Take \( M \) a square matrix of size \( n \), which has for eigen values the set of \( \lambda_n \).

Example: $$ M = \begin{bmatrix} 4 & 0 & 0 \\ 0 & 4 & -1 \\ 0 & 1 & 2 \end{bmatrix} \Rightarrow \lambda_n = \begin{pmatrix} 3 \\ 3 \\ 3 \end{pmatrix} $$

A matrix \( M \) of size \( n \times n \) is diagonalizable if and only if the sum of the dimensions of its eigen spaces is \( n \).
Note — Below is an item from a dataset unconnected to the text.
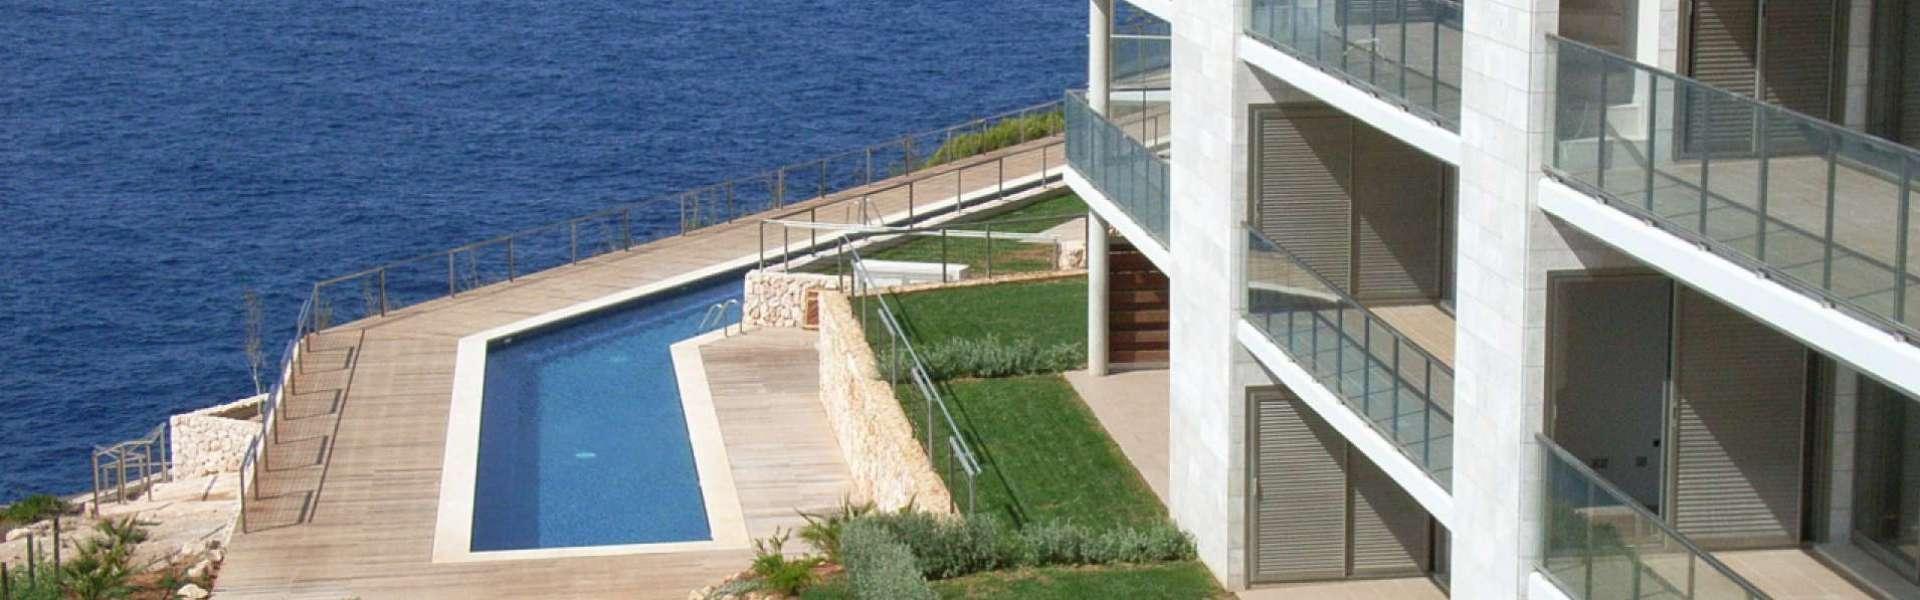 Cala Figuera - Penthousewohnung in spektakulärer Lage

If \( M \) is not diagonalisable, there exists an almost diagonal matrix \( J \), called Jordan Normal Form, of the form $$ \begin{bmatrix} \lambda_i & 1 & \; & \; \\ \; & \lambda_i & \ddots & \; \\ \; & \; & \ddots & 1 \\ \; & \; & \; & \lambda_i \end{bmatrix} $$

Example: Here, \( M \) has only 2 eigen vectors : \( v_1 = \begin{pmatrix} 1 \\ 0 \\ 0 \end{pmatrix} \) et \( v_2 = \begin{pmatrix} 0 \\ 1 \\ 1 \end{pmatrix} \), so is not diagonalizable, but has for **Jordan matrix** (canonical form) $$ M=\begin{bmatrix} 3 & 0 & 0 \\ 0 & 3 & 1 \\ 0 & 0 & 3 \end{bmatrix} $$

Example: Alternative method: calculate the matrix \( S \) by finding a third vector \( v_3 \) such as \( (M - 3 I_3) v_3 = k_1 v_1 + k_2 v_2 \Rightarrow v_3 = \begin{pmatrix} 0 \\ 1 \\ 0 \end{pmatrix} \). So $$ S = \begin{bmatrix} 1 & 0 & 0 \\ 0 & 1 & 1 \\ 0 & 1 & 0 \end{bmatrix} $$ and \( M = S . J . \bar{S} \)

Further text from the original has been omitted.